Linking Child Benefit to Child Tax Credit would place the problems of one system onto the other. Many of the theoretical problems I outlined are the sort of issues that make Child Tax Credits so complicated because your entitlements this year are based on the earnings you had the year before last as well as the earnings you have this year.
Got me there I was remembering the Child Tax Credit forms. Couldn’t they just then use the info they already have on family incomes from the Child Tax Credit system to identify the dual-income families?
They could, but the current Child Tax Credit system was aimed at families earning less than £53,000 IIRC, whilst this new policy is aimed at individuals earning more than £44,000. Clearly there is an overlap, but if you were earning £60,000+ you would never go anywhere near a Tax Credit form so would not be identified.
As usual with this sort of thing, the solution is to get everyone to fill in all the forms for everything. That causes three further problems -
People have to fill in loads of forms. Accuracy ends up being poor, a lot of people don’t bother and you spend loads on compliance and verification.
Processing loads of forms (many of which will be nugatory) is expensive.
People end up being entitled to things they had no idea they needed to/were entitled to claim. For example, people in making sure they fill in the right forms for Child Benefit may end up proving they don’t need to pay as much tax. This can end up very expensive if officials and politicians predict this badly. I have seen examples in my career where a policy to promote behaviour X has lead to Y where Y cost more than X.

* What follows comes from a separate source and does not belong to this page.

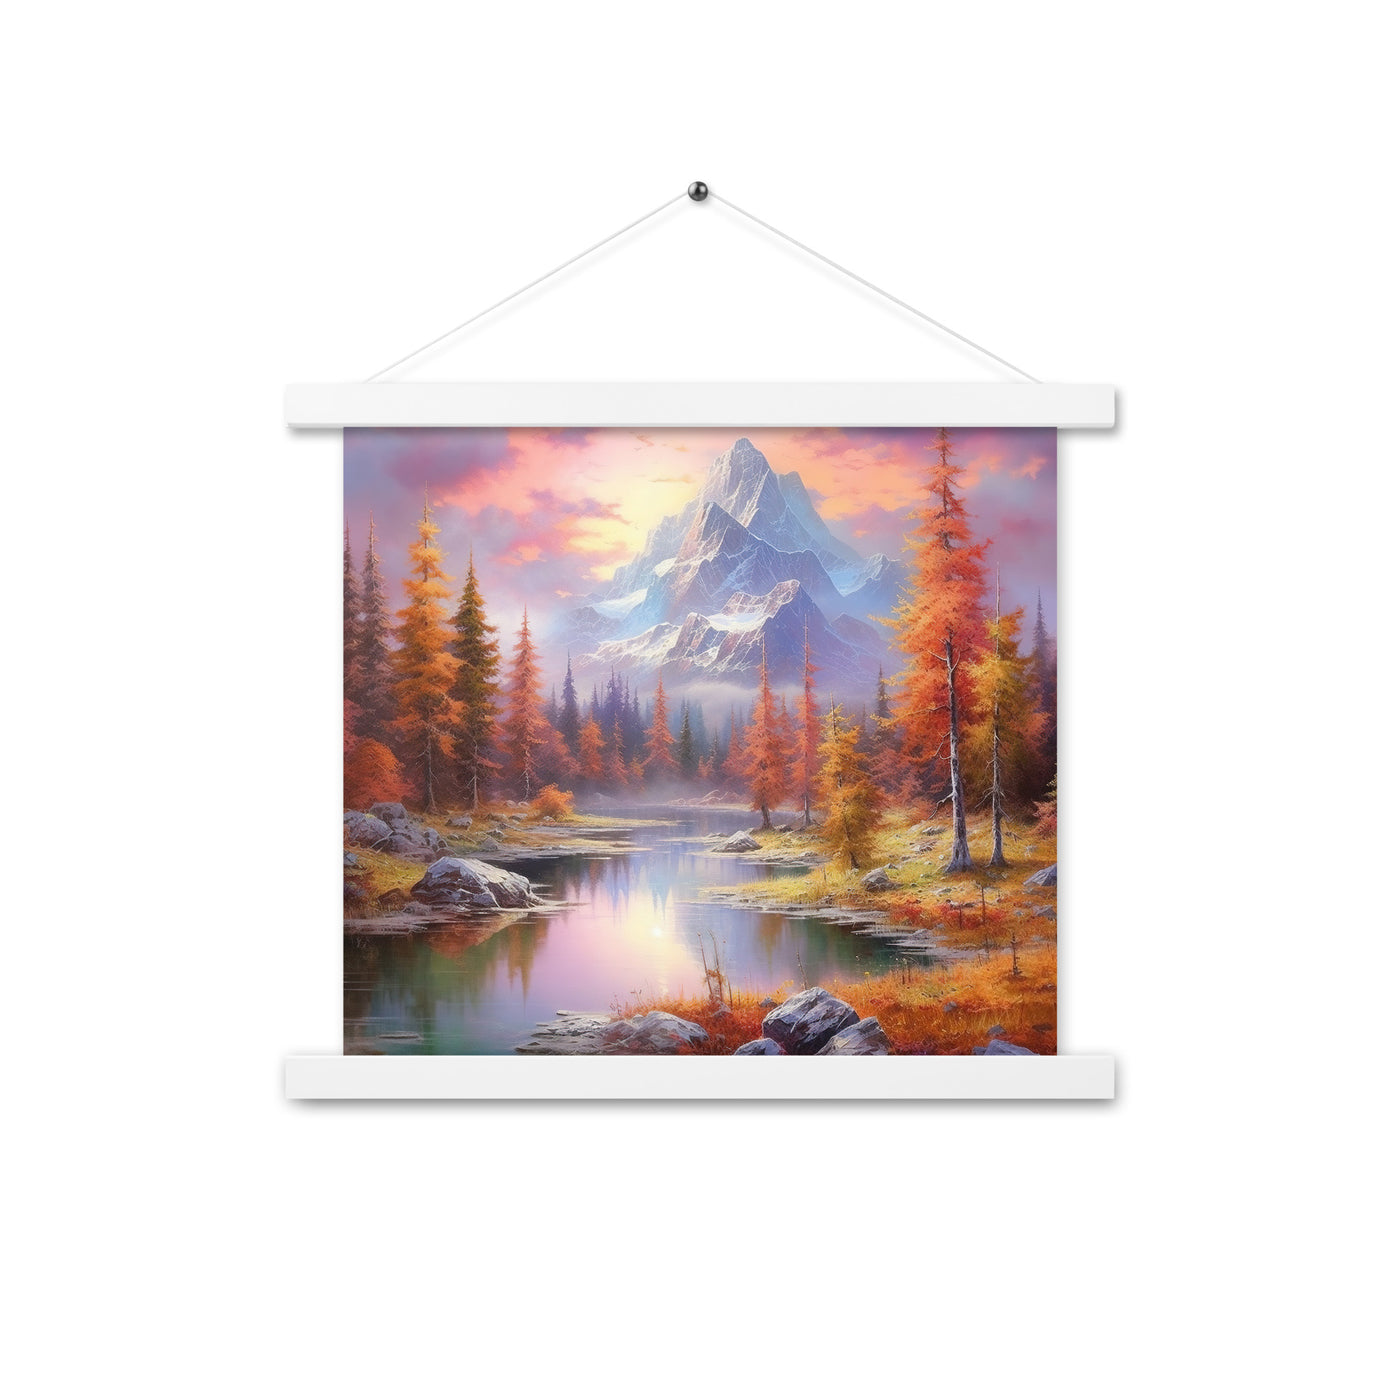 Landschaftsmalerei - Berge, Bäume, Bergsee und Herbstfarben - Premium Poster mit Aufhängung berge xxx 35.6 x 35.6 cm
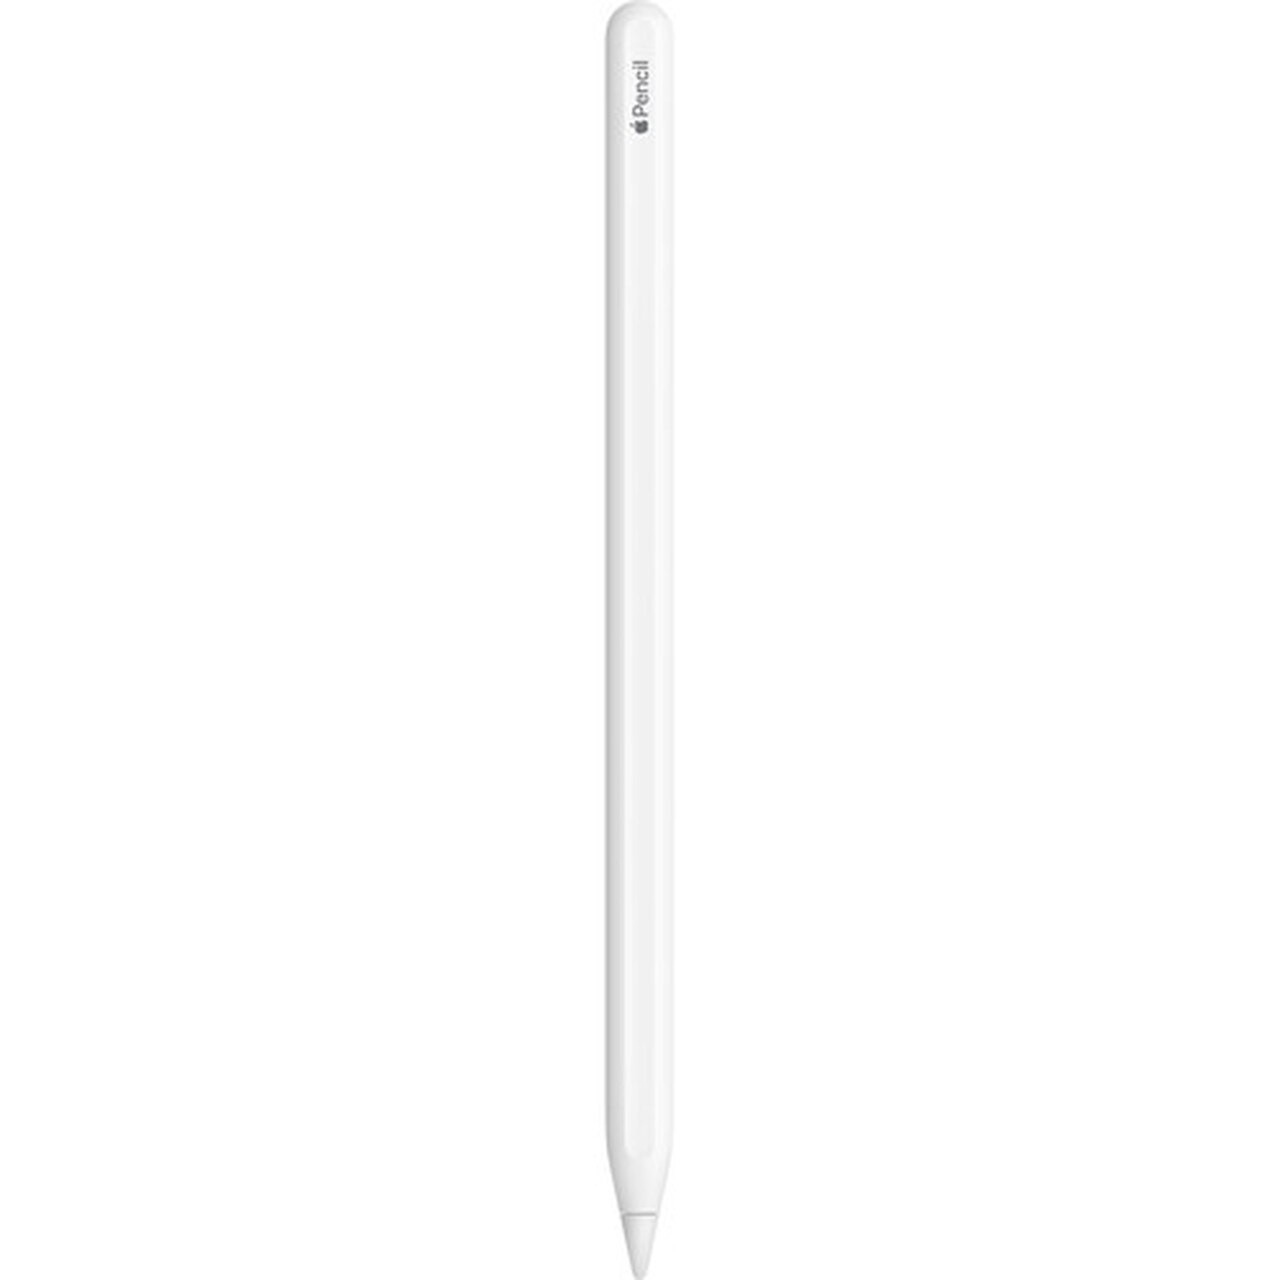 Apple Pencil (2nd Gen) - Mac Me an Offer

I don’t pretend to understand the ins and outs involved in means testing, but I don’t believe fraud would be a big problem here if a huge fine was used as a deterrent, along with having to repay the money and cessation of any future payments should their financial circumstances change.
If a couple are both earning over the high tax limit then the loss of CB isn’t going to make a huge dent in the finances, how many would risk a fraud conviction and possible loss of their job for what is a relatively small amount?
If you cannot afford children, you shouldn’t be having them. Period.
What these benefits encourage is illegitimacy, dependence & lack of personal responsibility. People need to grow up & accept the world does not owe them a living. You’d also get a reduction in the state-sponsored burgeoning mong population which is in itself a reciprocating downward spiral.
The problem with this attitude, other then of course how utterly contemptible and offensive it is, is simply that it punishes the wrong people.
So you have a person who has a child, you cut child benefit and laugh and point and say…ha, you can’t afford to have children you shouldn’t have had them!!
Who suffers? The person who irresponsibly had children or the children?
My money would be on the children.
Also I dispute your ideal that the “world” doesn’t owe you a living, I would say, at least in this country, that the State does owe you a living, and it is this attitude that the State doesn’t owe us anything which has lead us to the tragic state that our society is in.
I don’t believe its contemptible or remotely offensive, you must live in a sugary sweet bubble of a world.
You want to promote illegitimacy, irresponsibility, state dependency – that’s fine, and you have a personal right to do so, but I draw the line at your willingness to give to the ‘most needy’ when those are the benefit dependent, ill-educated, most irresponsible in our society who seem intent on dumbing it down to your own unconscious level. Advocate your system, and you have the disjointed, selfish & obnoxious society we have today. In many respects, your own irresponsibility is to blame, and still you would want the least able, and incapable in our society to breed like rabbits at the expense of the responsible minority who strive to bring their children up under some semblance of self-respect, personal responsibility with at least some ethical & moral backbone.
[quote] Kaos (08/12/2010)
It’s about the parents. They make the children in the first place. :doze: And then these children have more children…
Another point which I know will go well over your head is: there is no such thing as poverty – only too many people. Believe it or not we live in a finite world, and unless people like yourself are prepared to take on your own personal responsibility rather than depend on someone else [the State] telling you how to live soon there wont be much of a world left worth living in.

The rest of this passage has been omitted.